Das Funktioniert auch bei CSV dateien nur das Problem ist. Wie kriege ich die nächste Spalte hin?
Gibt es dafür auch ein Java Befehl so ne art speicher.newRow() ?


----------



## Michael... (7. Dez 2009)

csv steht für "character separeted values" es wird also ein spezifisches Zeichen als Trennzeichen verwendet. Häufig ein ; oder ein Tab


----------



## Ebenius (7. Dez 2009)

Das Komma [c],[/c] ist der Spaltentrenner im (eigentlichen) CSV. Oft wird auch TAB verwendet, manchmal Semikolon (was dann eigentlich nicht mehr CSV heißen sollte). So lange Deine Zelleninhalte den Trenner nicht selbst benutzen ist das ganze trivial; einfach einen Trenner schreiben, wenn eine Folge-Zelle beginnt.

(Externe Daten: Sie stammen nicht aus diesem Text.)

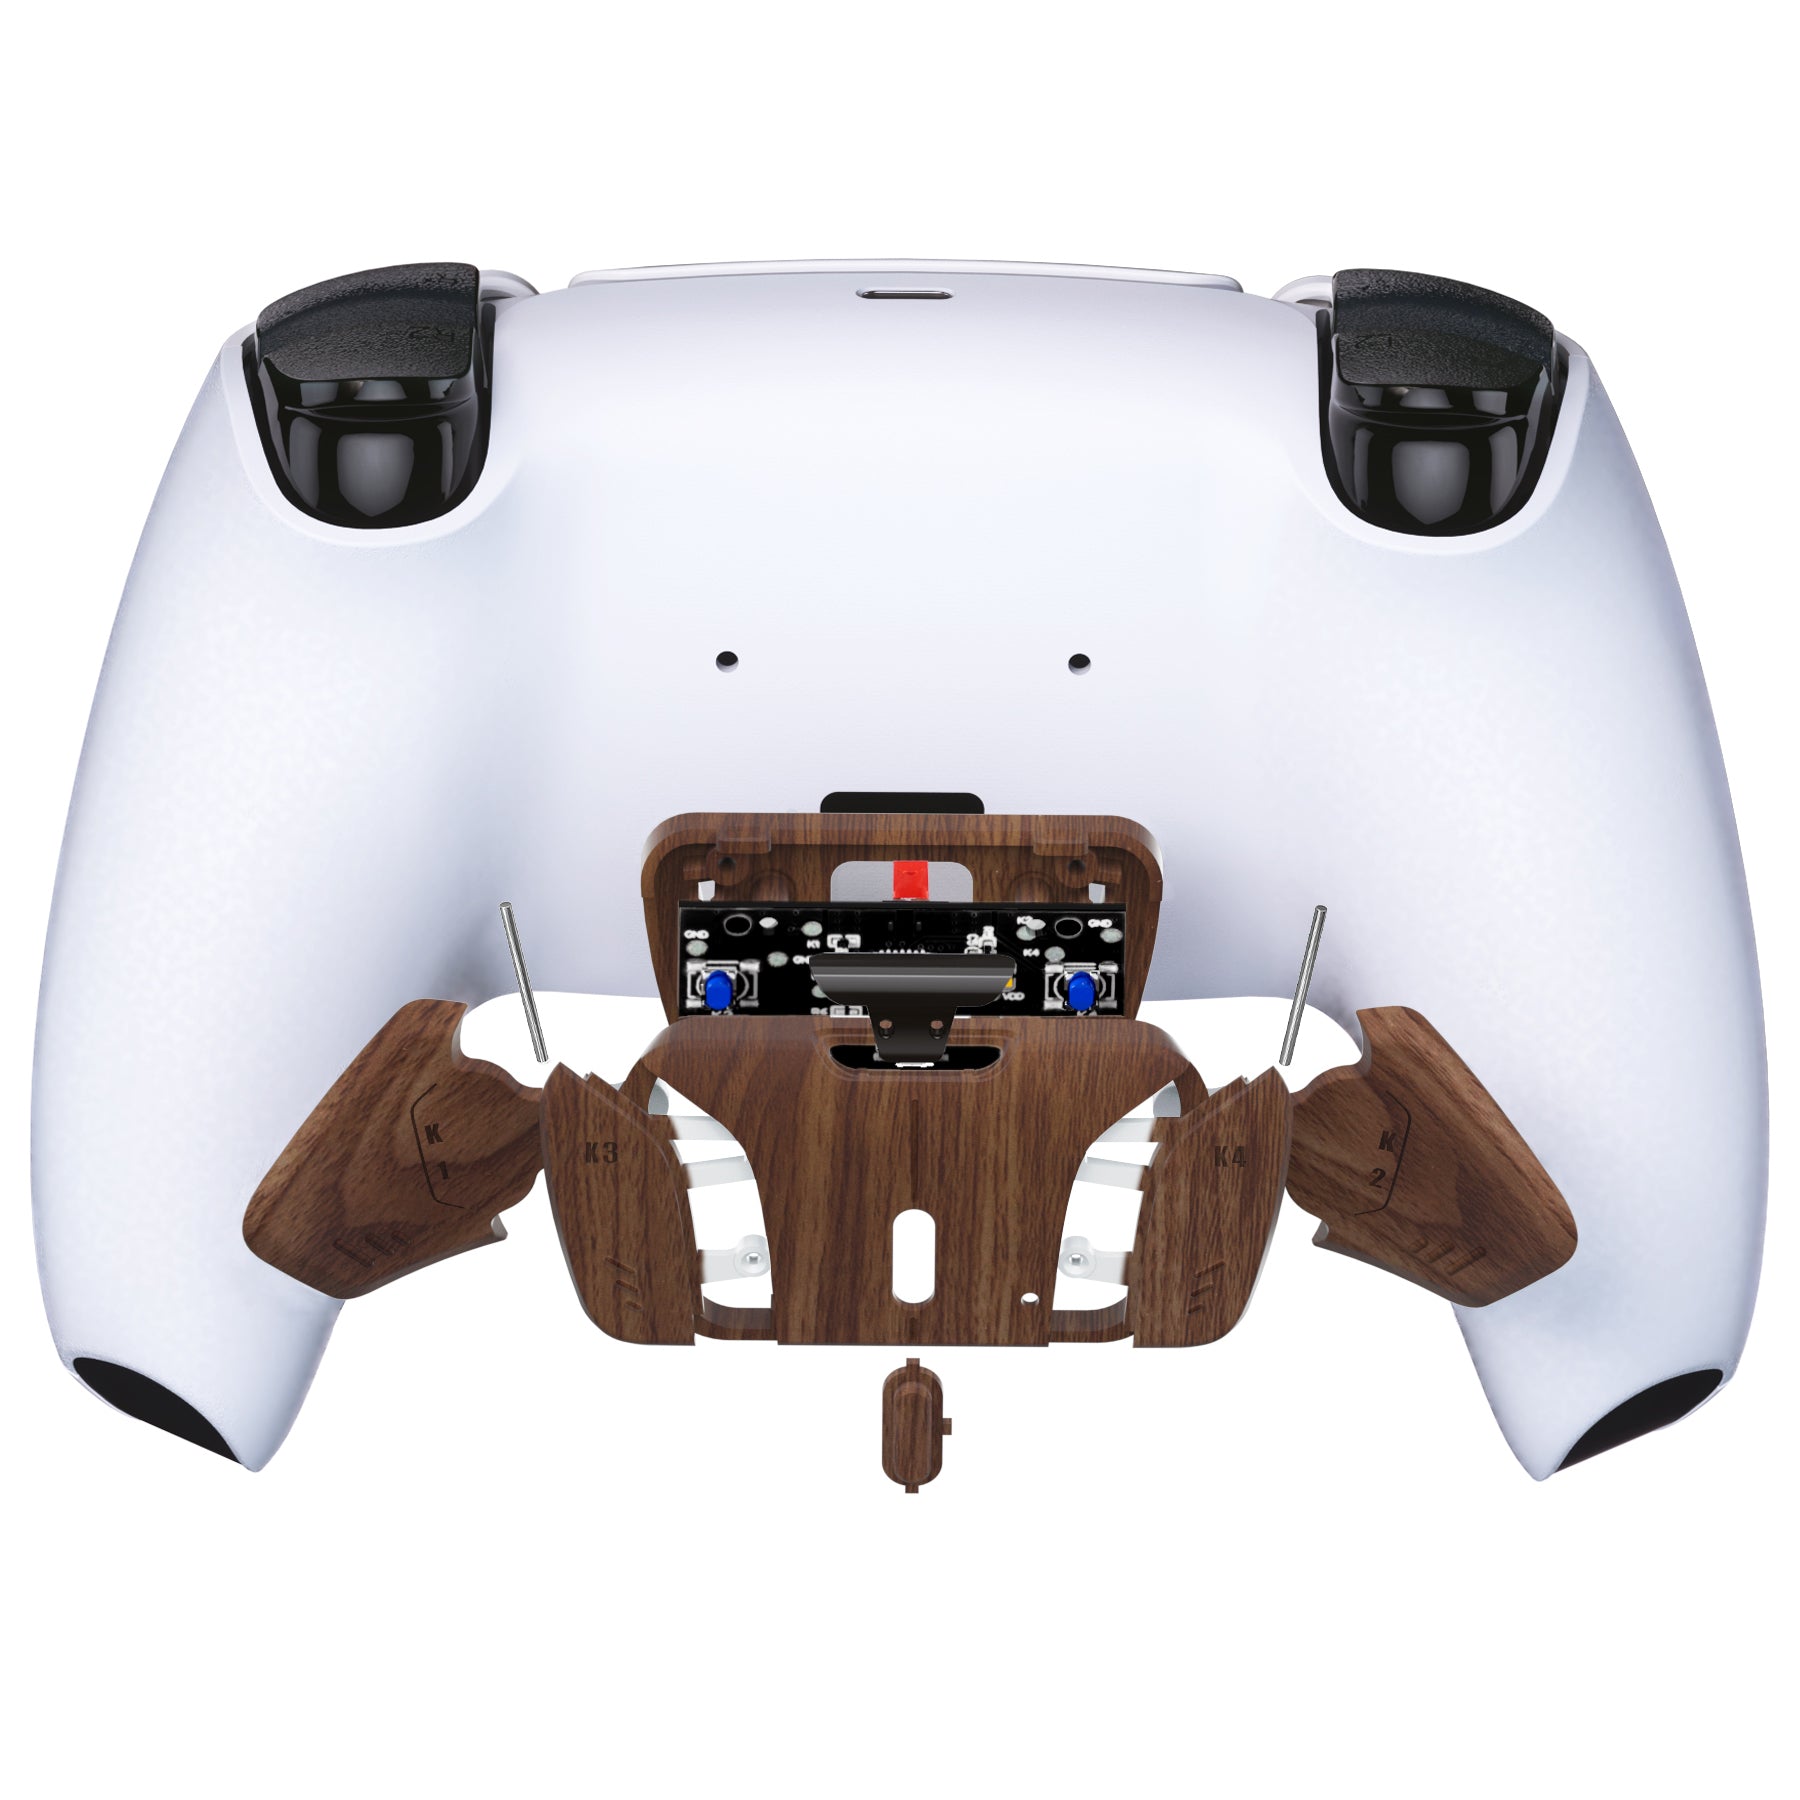 eXtremeRate Turn RISE to RISE4 Kit – Redesigned K1 K2 K3 K4 Back Buttons Housing & Remap PCB Board for eXtremeRate RISE & RISE4 Remap kit, Compatible with PS5 Controller - Wood Grain eXtremeRate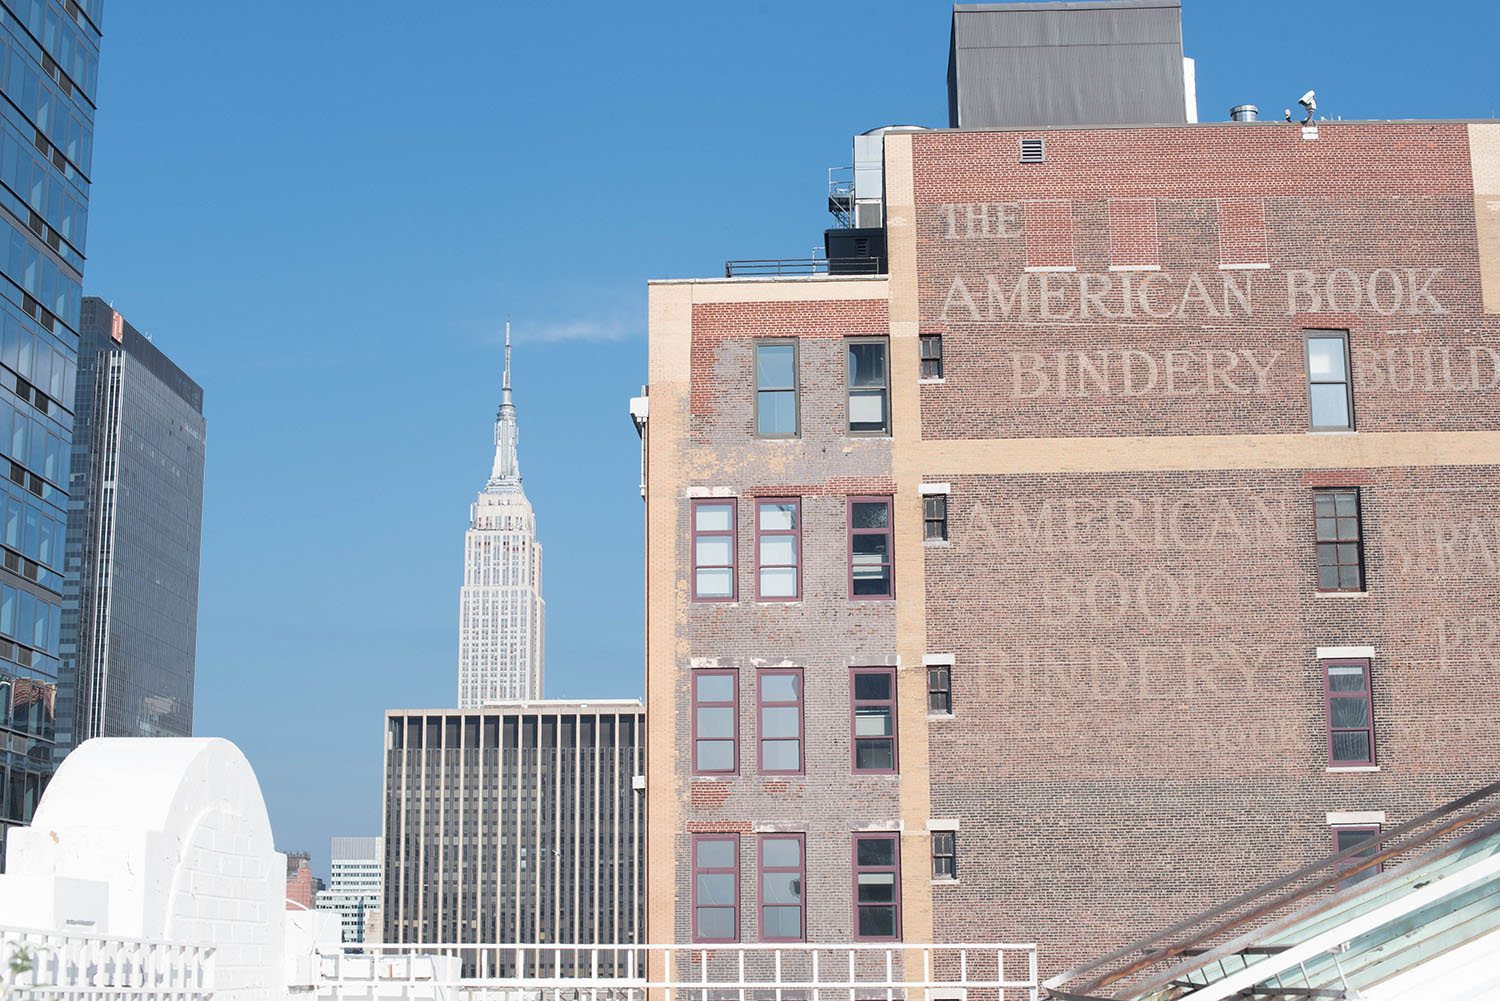 New York skyline, with the Empire State building and the American Book Bindery building, captured by travel blogger Cee Fardoe of Coco & Vera

[edit] Whoops, ich kannte bisher nur "Comma Separated Values" als CSV. "Character ..." ist mir neu, die Wikipedia behauptet aber es kann beides heißen. 

Ebenius


----------



## Mcburn (7. Dez 2009)

Okay ^^ dachte es gäb noch ein extra befehl. Gut dann hau ich einfach ein , rein und gut ist.

Danke schön


----------